Juvenile crime has for the past 100 years been part and parcel of daily life in the UK, as this story from the Eccles and Patricroft Journal nimbly illustrates.
Clegg Street, now long demolished, stood virtually in the centre of Eccles near Silk Street and was in the 1910s a rather dubious area with the locals famous for having little or no respect for authority.
Boys age 8 and upwards gathered here under the name of the ‘Clegg Street gang’, and were notorious in the local area for stealing and generally making a right old nuisance of themselves.
100 years ago in Eccles: Davis Street ‘gang’, 11 and 13, flogged for stealing
But as we all know now, justice – when it does come – is rarely fair.
The story starts with PC Bridge doing his rounds of Eccles one evening in July 1916.
Normally the good officer would make sure all premises were safe under his watchful eye.
While examining the storeroom at the rear of Boots chemist on Church Street he was horrified to find that it had been broken into and trashed, and the place “was in great disorder”.
With detective work that would have put Sherlock Holmes to shame, he had tracked down the perpetrators within a few short hours: the finger of suspicion pointed firmly in the direction of the Clegg Street gang.
Seven lads aged between 10 and 16 were arrested and charged with breaking into the premises and stealing eight tins of paste; six bottles of scent; three books; seven spring shooters; a rubber stamp; a pair of men’s socks; a tube of solution; and two flash lamps, a total value of 3 shillings.
All of this booty was recovered from each of the boys’ homes on Clegg Street.
The daring gang of robbers appeared at Eccles Magistrates Court where further incriminating evidence was heard.
The Manager of Boots said that it was around 11.30am on a Wednesday morning when he had last seen the building secure.
Later in the day when he returned after the robbery, it had been broken into by the removal of boards.
PC Bridge said he found the place ransacked and property scattered about the floor.

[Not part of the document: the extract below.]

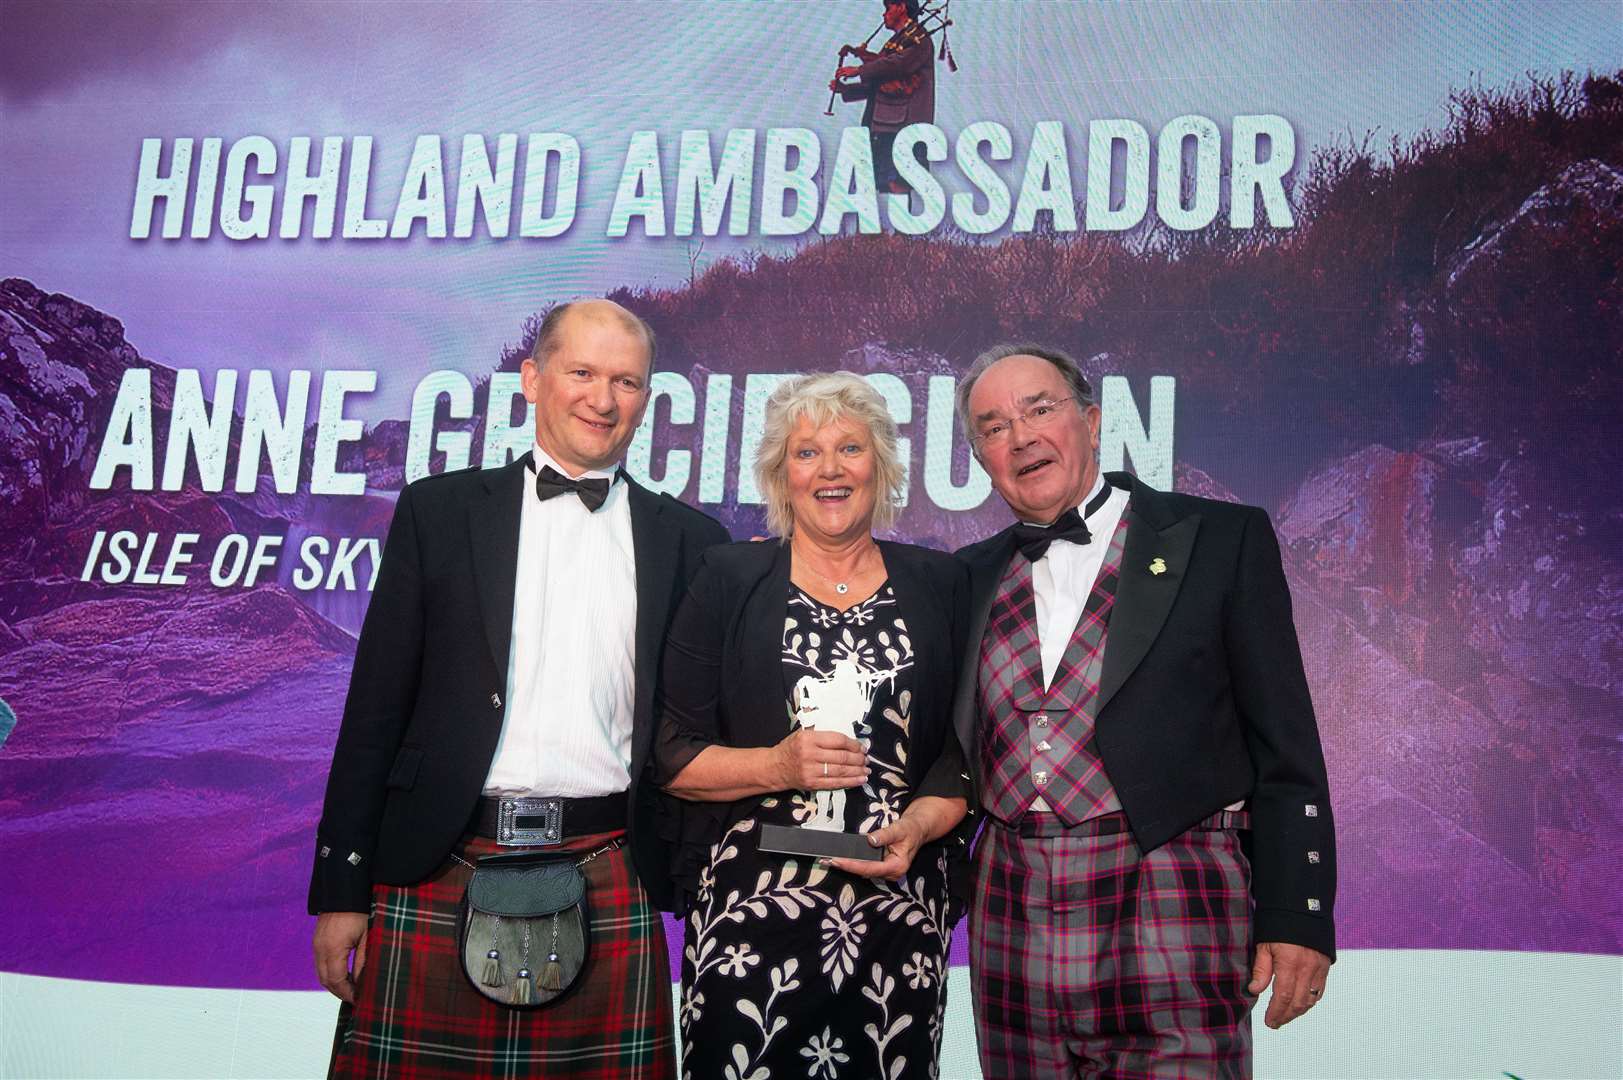 The 2019 Highland Ambassador was Anne Gracie Gunn. She received the award from sponsor, Mike Seaton, director of development, SSE Renewables and Laurence Young, HITA chairman. Picture: Callum Mackay

But it seems these young boys were not irredeemable crooks; there were those in the police willing to speak in their defence.
Inspector Harnby from Eccles took the unusual step of asking the Magistrate if the boys could be charged with theft only – dropping the breaking and entry charge.
Also speaking on their behalf was Mr SH Neave from the Education Authority.
He said that the Clegg Street gang of school age did not have a particularly poor attendance record, but that it was their parents who were “indifferent to their education”.
The Chairman of the Bench, Mr E Everett, wasn’t not in the mood for leniency. He told the two oldest lads, age 16, that they were old enough to know better and fined them five shillings each with a warning to their future conduct.
Four others were bound over for good behaviour for six months along with their parents.
Perhaps he, too, was was concerned about lack of parental control in Clegg Street.
Mr Everett saved his wrath for the youngest boy, age 10, telling him that he would be receiving four strokes of the birch with his parents in attendance for good measure.
I must admit I feel a tad sorry for the poor lad being thrashed, perhaps as a warning to the others on his street.
It was a message they tried to get out both to parents and children regularly, if the 1916 court lists in Salford are anything to go by.